# US to sell arms to Vietnam??



## Devildoc (Feb 25, 2016)

I didn't know if I should put this in military history or here.  Let's see: we train Ho Chi Minh and Vo Nguyen Giap to fight a guerrilla war and insurgency, then they use those skills against the French and the US....and now we want to sell them arms??  What a crazy, fucked up world.....

U.S. mulls selling weapons to Vietnam to stave off China military buildup in region


----------



## AWP (Feb 25, 2016)

Devildoc said:


> I didn't know if I should put this in military history or here.  Let's see: we train Ho Chi Minh and Vo Nguyen Giap to fight a guerrilla war and insurgency, then they use those skills against the French and the US....and now we want to sell them arms??  What a crazy, fucked up world.....
> 
> U.S. mulls selling weapons to Vietnam to stave off China military buildup in region



The Chinese and Vietnamese do not like each other, I think they even fought a war in 79 or 80. The Russians used Cam Rahn Bay as a port afterwards. I know this must gall some Vietnam Vets, perhaps some on this board, but we need help in checking China's growth. Like it or not, the world has changed immeasurably in the last 40 years.


----------



## TLDR20 (Feb 25, 2016)

We also fought the Germans(Twice, in 40 years), Japanese, and Italians,we are allied with all of them and provide either weapons or military aid to them.... Just saying.


----------



## Grunt (Feb 25, 2016)

We have been providing/trading weapons and training with our friends who later became enemies or vice versa since time began. I suspect it will always be that way. That's how we roll!


----------



## Devildoc (Feb 25, 2016)

I know, I know....

The Chinese 'owned' Vietnam at one time (better put, Vietnam was a part of China), and China and Vietnam scrapped a bit in 1979 when China invade due to Vietnam invading Cambodia and installing a government.  I do get the whole Chinese-hegemony-in-Asia threat, I really do.

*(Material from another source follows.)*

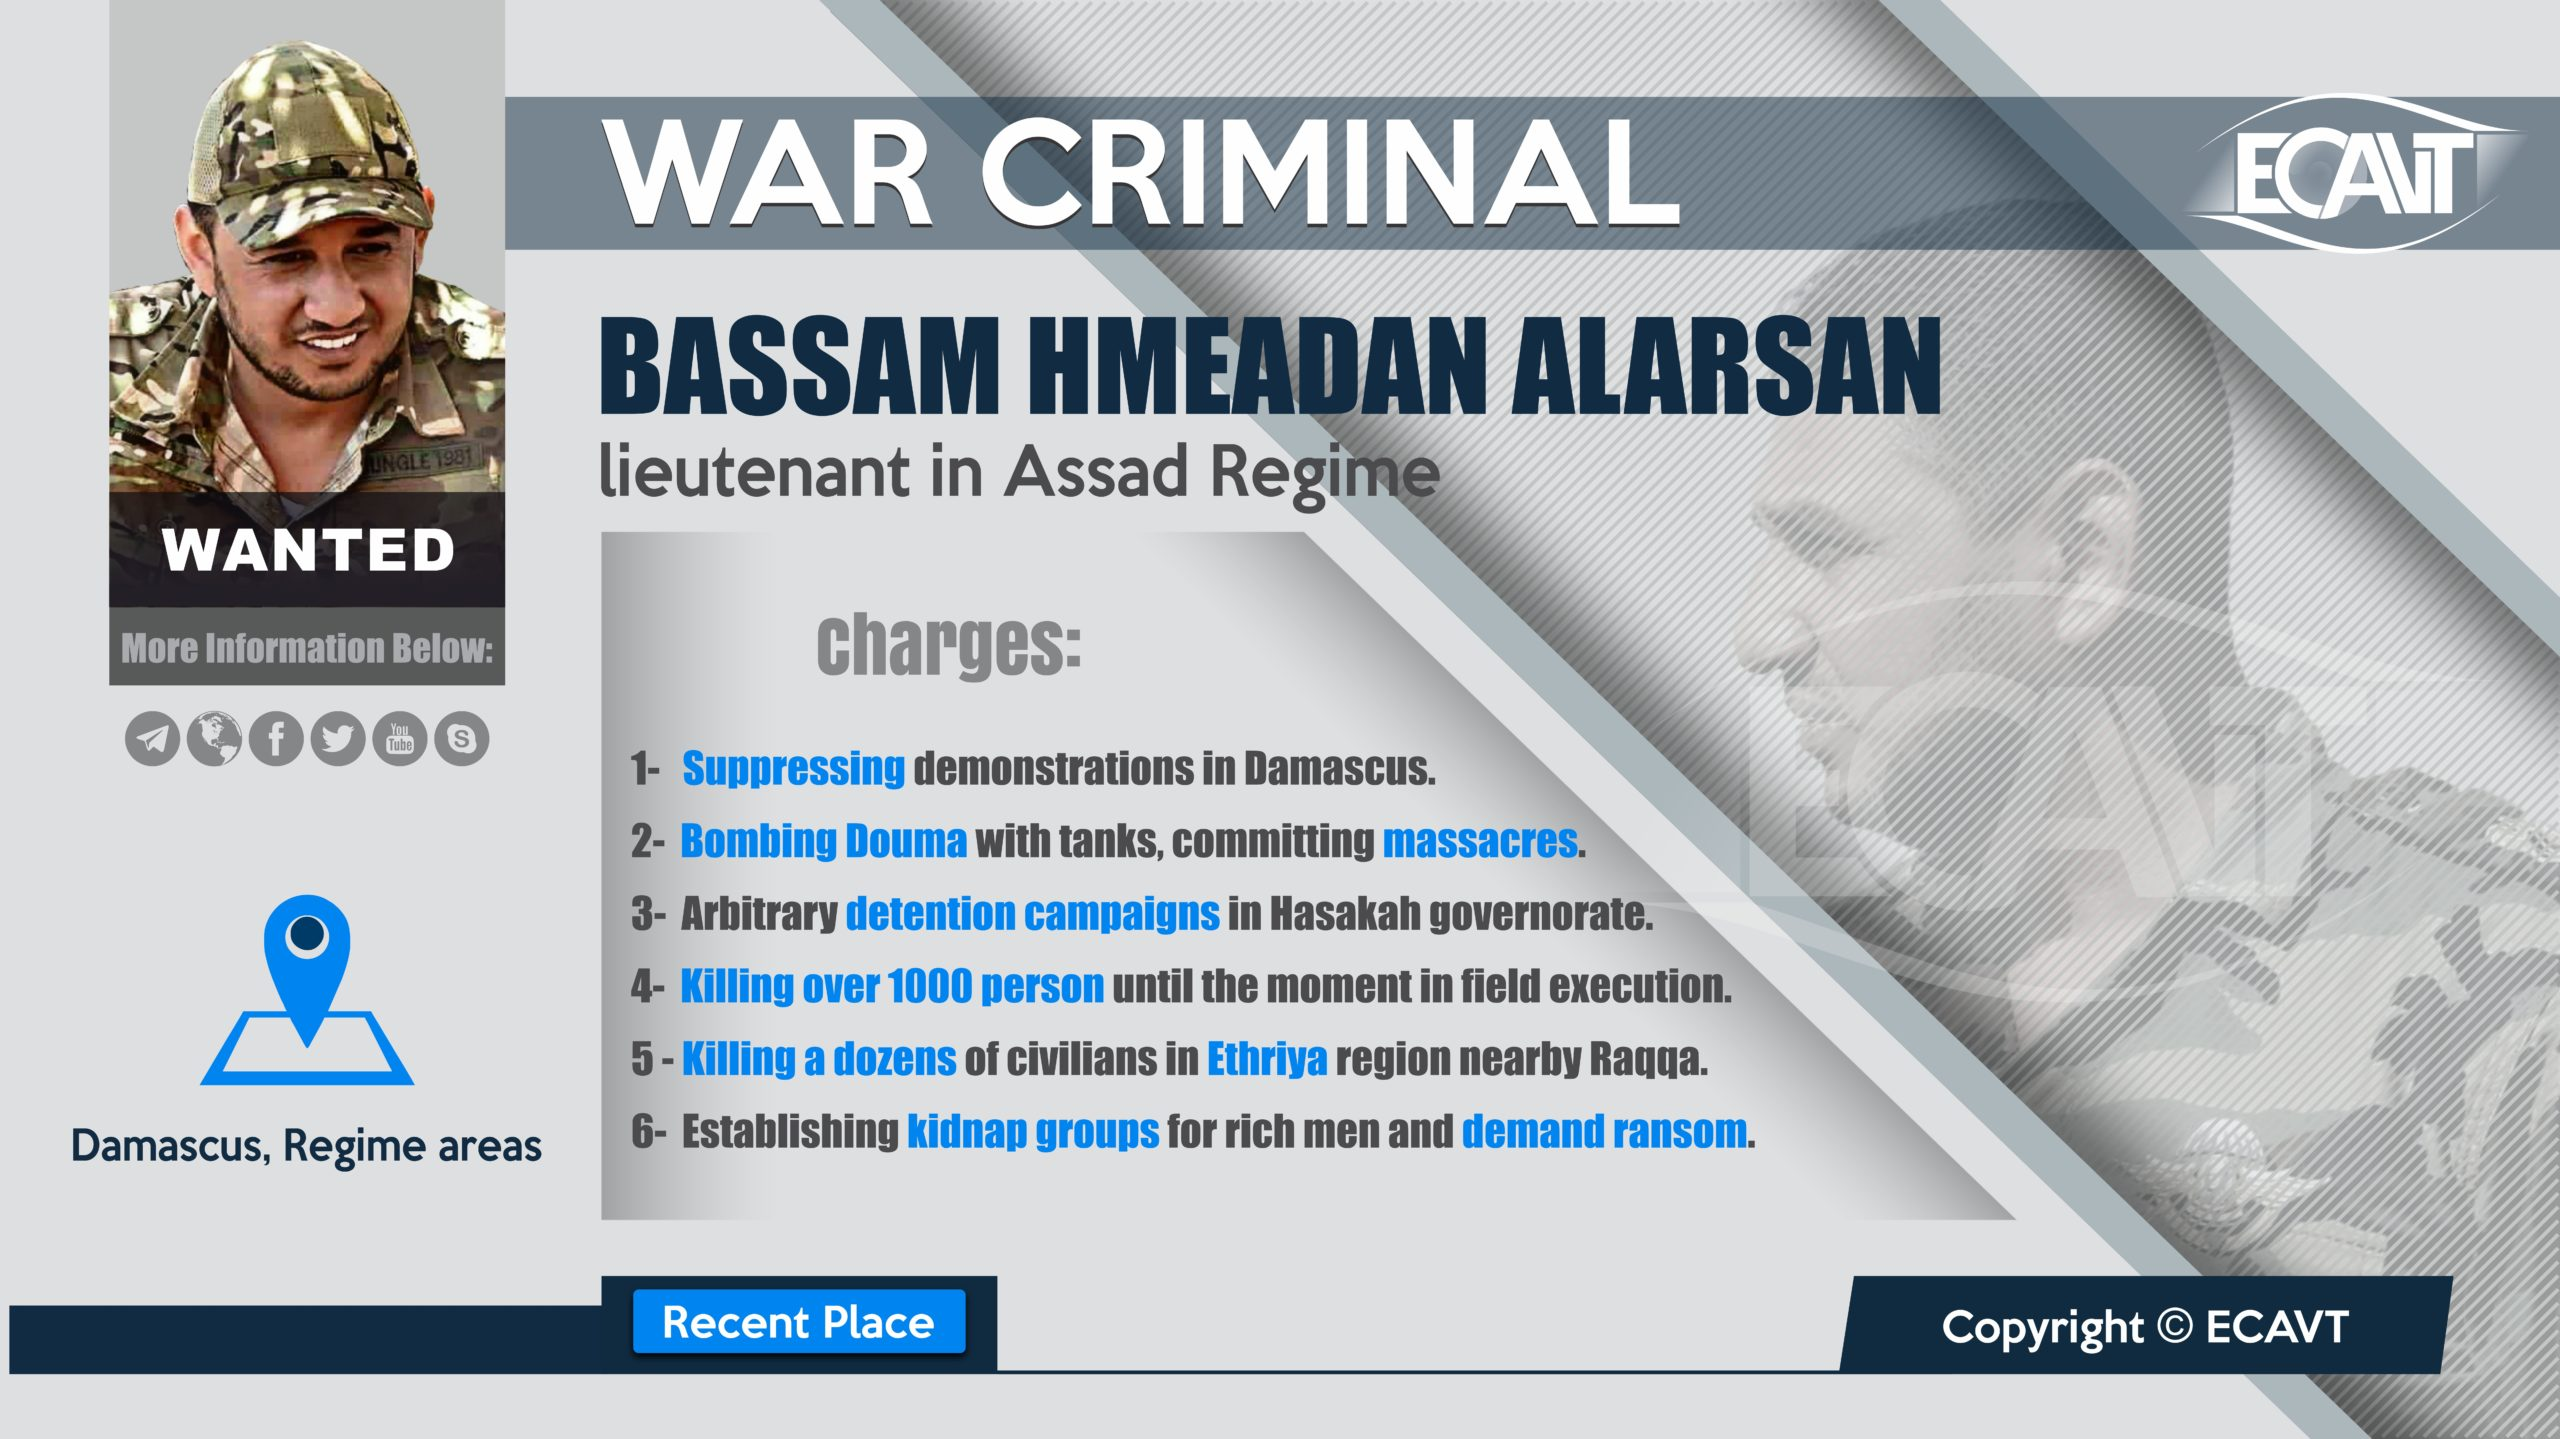 بسام  حميدان العرسان

I would argue the differences between VN and the countries in WWII are a) those countries lost, b) the US was instrumental in rebuilding those countries and all of them have a pro-democracy form of government, and c) much of the acrimony has subsided because of the 70+ years since the war ended.  I think that there is more contention with having relations with Vietnam than with the other countries.

I think part of my original point, about how fucked up this world is, is the ongoing notion of "what have you done for me lately?" foreign policy, and the enemy of my enemy is my friend, a la Vietnam (1945), Iraq, Iran, and a whole host of others.....

I _know _how the world works.  Just doesn't always makes sense is all....


----------



## Grunt (Feb 25, 2016)

Devildoc said:


> I know, I know....
> 
> The Chinese 'owned' Vietnam at one time (better put, Vietnam was a part of China), and China and Vietnam scrapped a bit in 1979 when China invade due to Vietnam invading Cambodia and installing a government.  I do get the whole Chinese-hegemony-in-Asia threat, I really do.
> 
> ...




Brother, I agree with you that the situation is jacked up. It just doesn't surprise me since our history shows that we do it all the time -- messed up or not.


----------



## Devildoc (Feb 25, 2016)

Agoge said:


> Brother, I agree with you that the situation is jacked up. It just doesn't surprise me since our history shows that we do it all the time -- messed up or not.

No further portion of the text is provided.